Study material =>
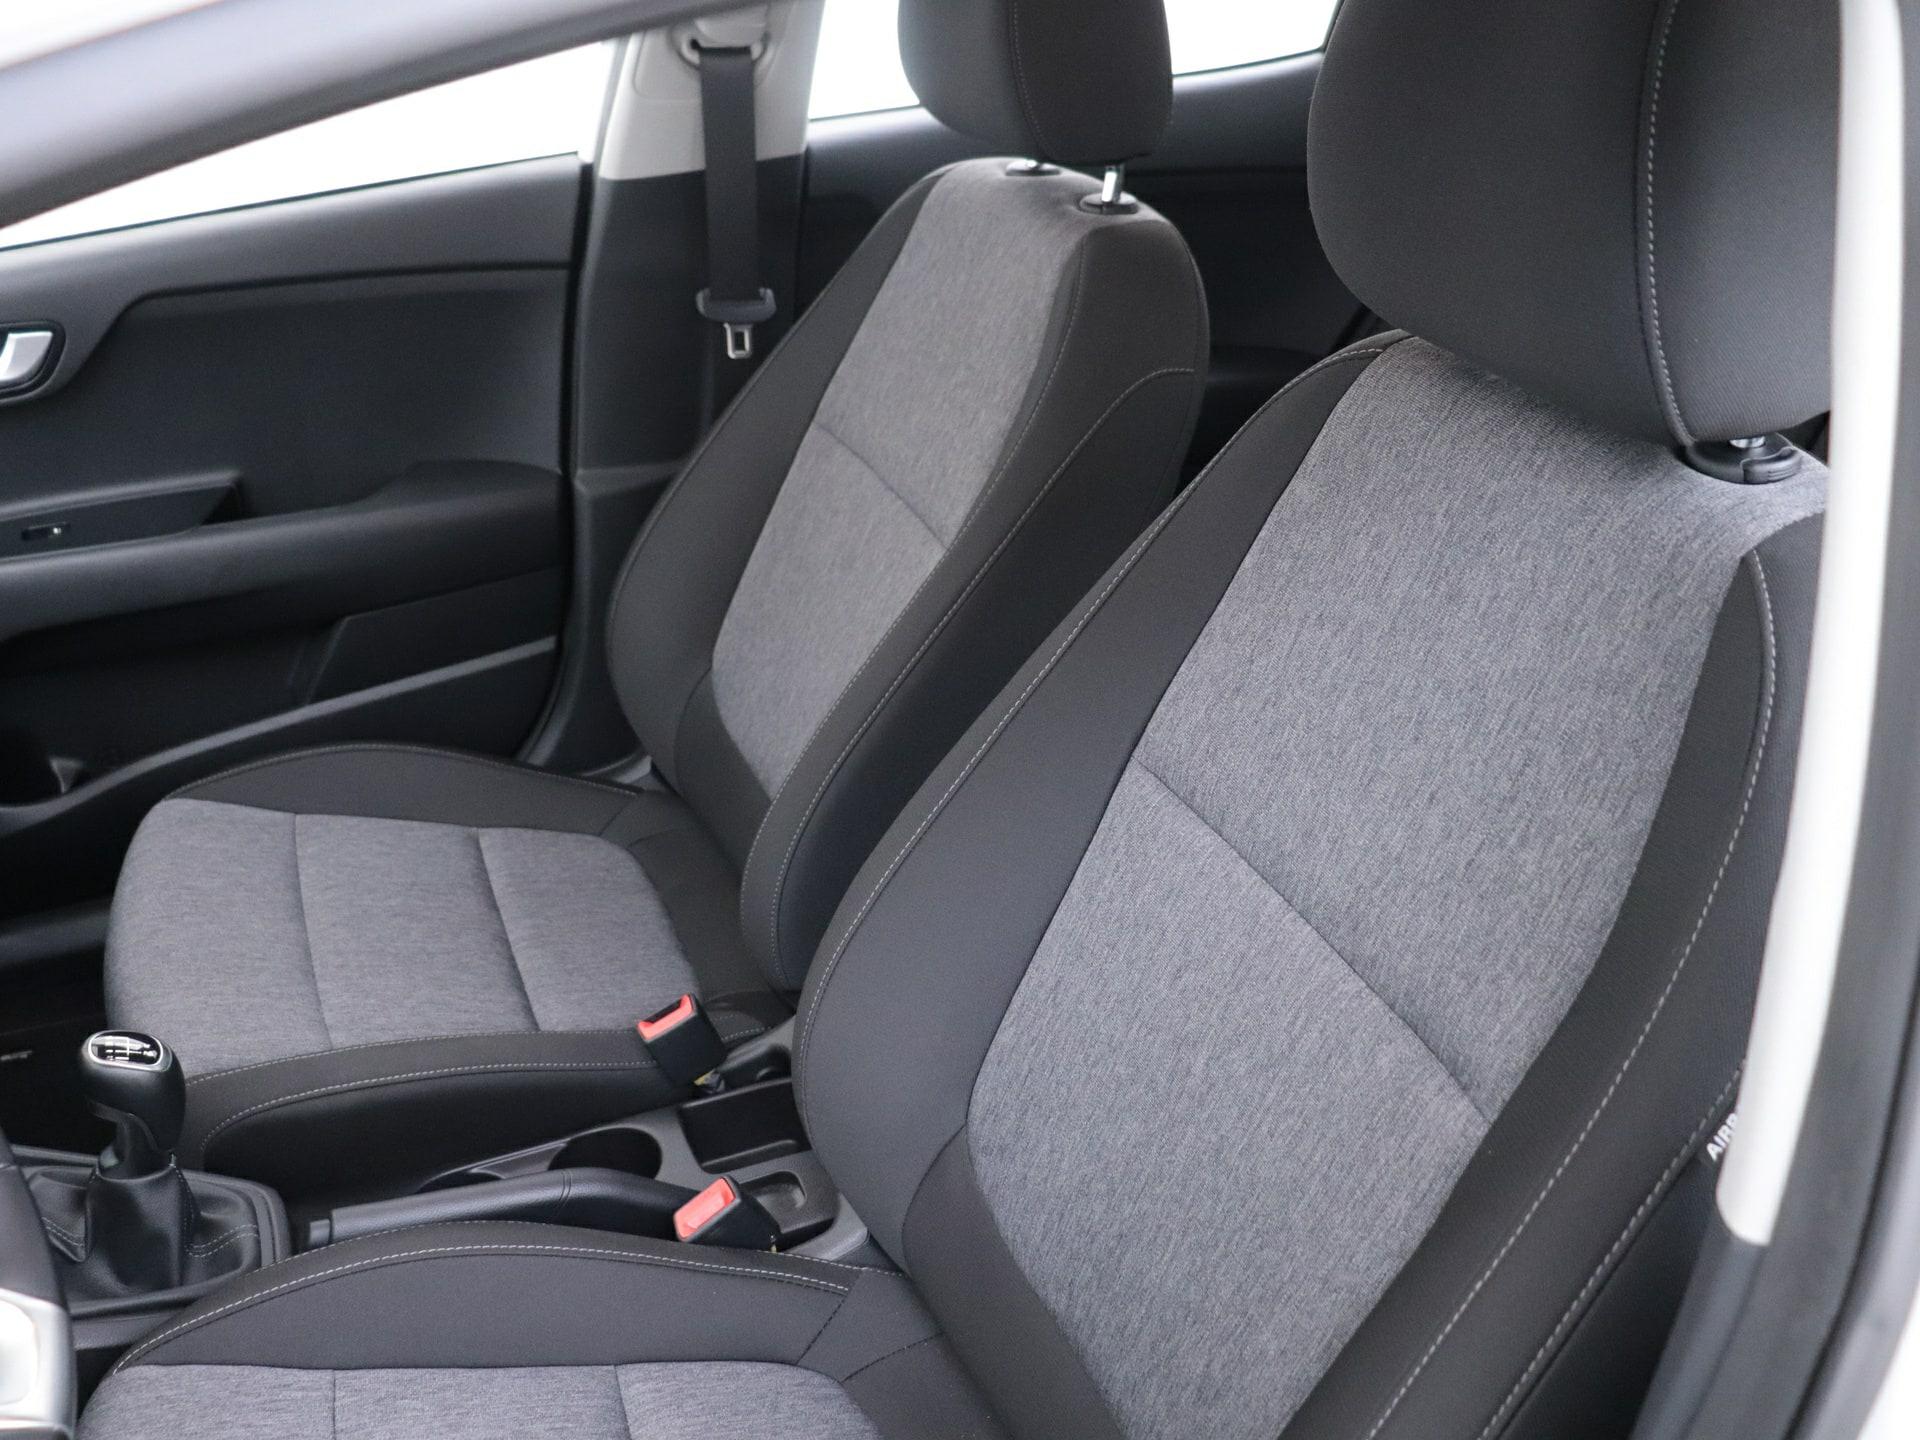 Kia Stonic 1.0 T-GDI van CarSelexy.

==

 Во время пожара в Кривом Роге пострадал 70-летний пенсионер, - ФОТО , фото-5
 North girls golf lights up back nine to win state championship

Task instructions => In the listing above, find the line with "Во время пожара" and the line with "North girls golf", then print exactly those two lines and every line between them, and nothing more.

Solution below =>
 Во время пожара в Кривом Роге пострадал 70-летний пенсионер, - ФОТО , фото-5
 North girls golf lights up back nine to win state championship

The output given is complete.